Performing a zone transfer on the DNS server provides the zone configuration, revealing the first flag and additional information:

$ dig -t AXFR cybercheese.io @40.115.53.104
[...]
cybercheese.io. 600 IN SOA ns.cybercheese.io. root.cybercheese.io. 2015101901 10800 600 604800 600
cybercheese.io. 600 IN NS ns.cybercheese.io.
cybercheese.io. 600 IN A 40.115.53.104
file.cybercheese.io. 600 IN TXT "02b4520388c01f012c8a52bfa9f9140cfe4c6fdd1884ada7ef849a4e533b3451055325a4 ...
file.cybercheese.io. 600 IN TXT "068d19000340000000006d434c868c9a321a34f534c9a6441a0d003200d1a0000064c800 ...
file.cybercheese.io. 600 IN TXT "0c80034d00680001ea000003434d1a1a00d00000000680000000007a4d00f95c1193209a ...
file.cybercheese.io. 600 IN TXT "0e51541ce1c3d2aeaf5dea313f0c1d217c3d488a73ac4450a4b9406532e27f90b205c238 ...
file.cybercheese.io. 600 IN TXT "425a6839314159265359880751450000917fffffffddff75fd3f3ff7e57fb7ef8fff7dff ...
file.cybercheese.io. 600 IN TXT "7dbaa2229614a6192320713c5098d5c3fc590a70b546f281733c1e7577a7a070914168eb ...
file.cybercheese.io. 600 IN TXT "f2ea3bd4c344aafa3264860f358822dcd7459cc7573eb07c01fa58d5c2abe0d1785d5435 ...
file.cybercheese.io. 600 IN TXT "f519e37ac851700ee8c4260ad95fb864742f42724d4f7c2309424a31ea48cae1070e1148 ...
**flag1.cybercheese.io. 600 IN TXT "CCC1{Thr33_R1ngs_f0r_th3_3lv3n-k1ngs_und3r_th3_sky}"**
hint.cybercheese.io. 600 IN TXT "Unshuffle_and_decompress_me"
ns.cybercheese.io. 600 IN A 40.115.53.104

The first challenge is solved. The zone transfer also includes interesting entries (hint and file) which are the second challenge.

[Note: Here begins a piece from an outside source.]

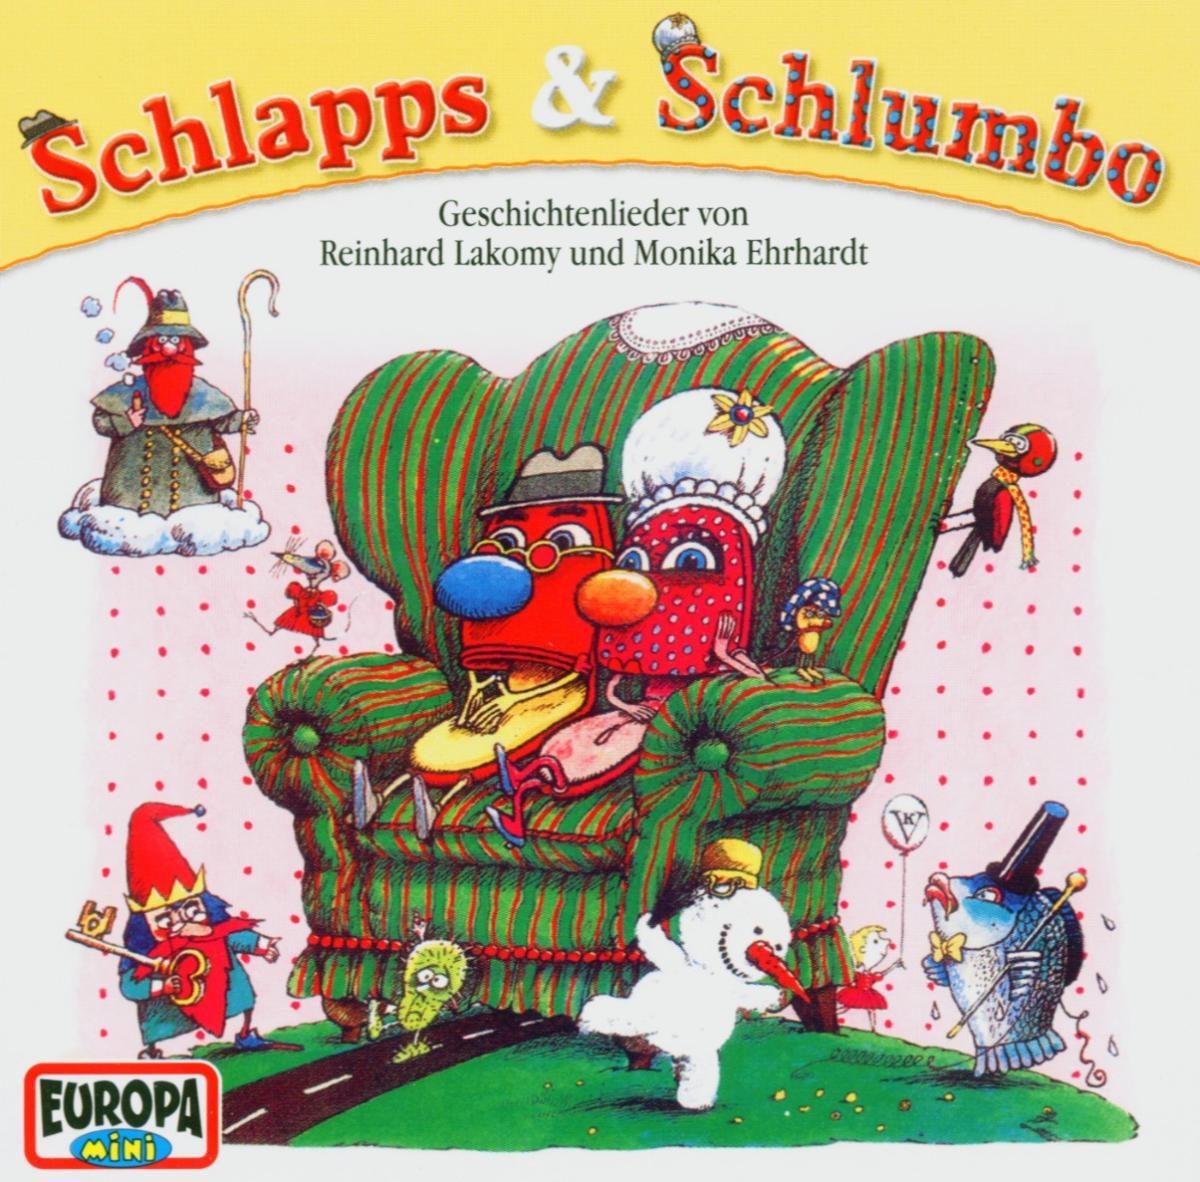 Schlapps Und Schlumbo - Reinhard Lakomy. (CD)
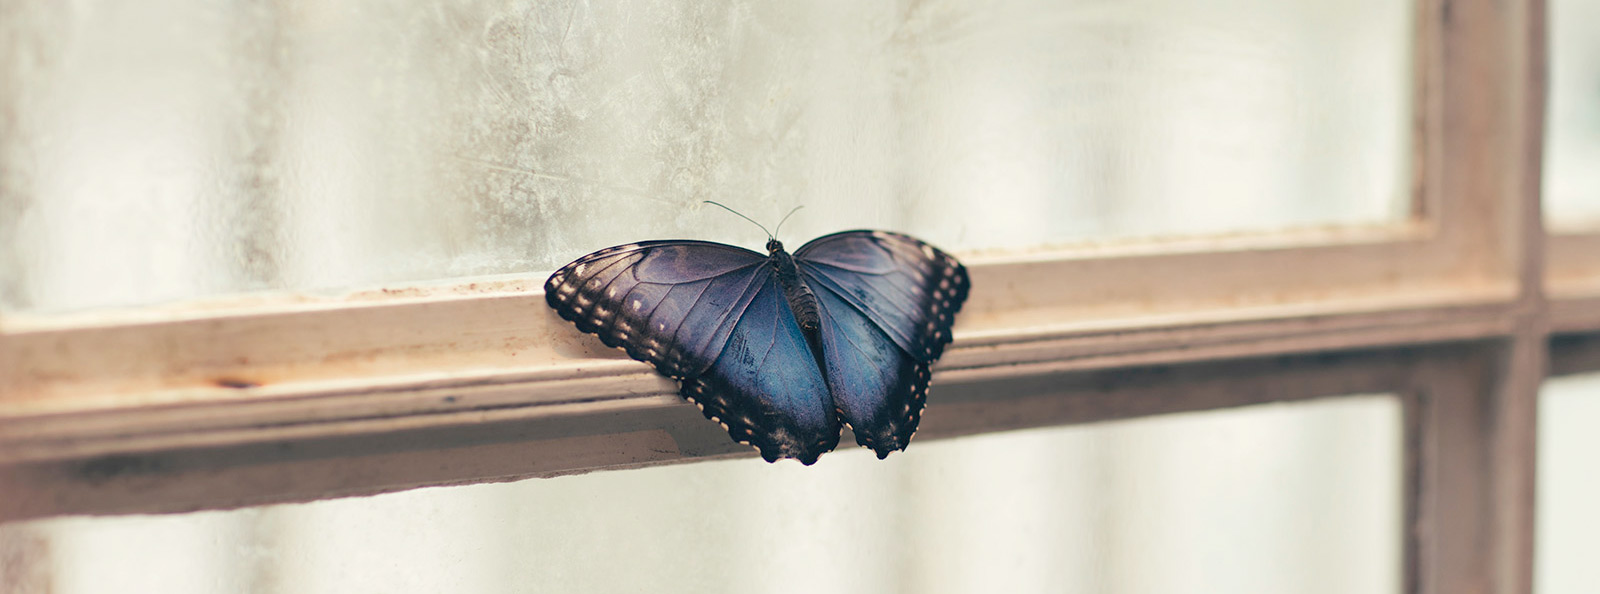 Butterflies / moths

Challenge 2 - Shuffled Archive (PPC)

From the first challenge zone transfer, we recovered TXT entries for file.cybercheese.io and a hint:Unshuffle and decompress me

This hint should lead the participant to understand that the file.cybercheese.io DNS entry are shuffled pieces of a compressed archive converted to hexadecimal.

To solve the challenge, a player will need to write a program that reassembles the various shuffled parts into the correct file and then decompress it.

To guess which kind of archive file is used, a talented player will look at the beginning of each piece and try to find the header of a specific file format. He will quickly find that the piece that start with "7dba" matches the beginning of a bzip2 archive file.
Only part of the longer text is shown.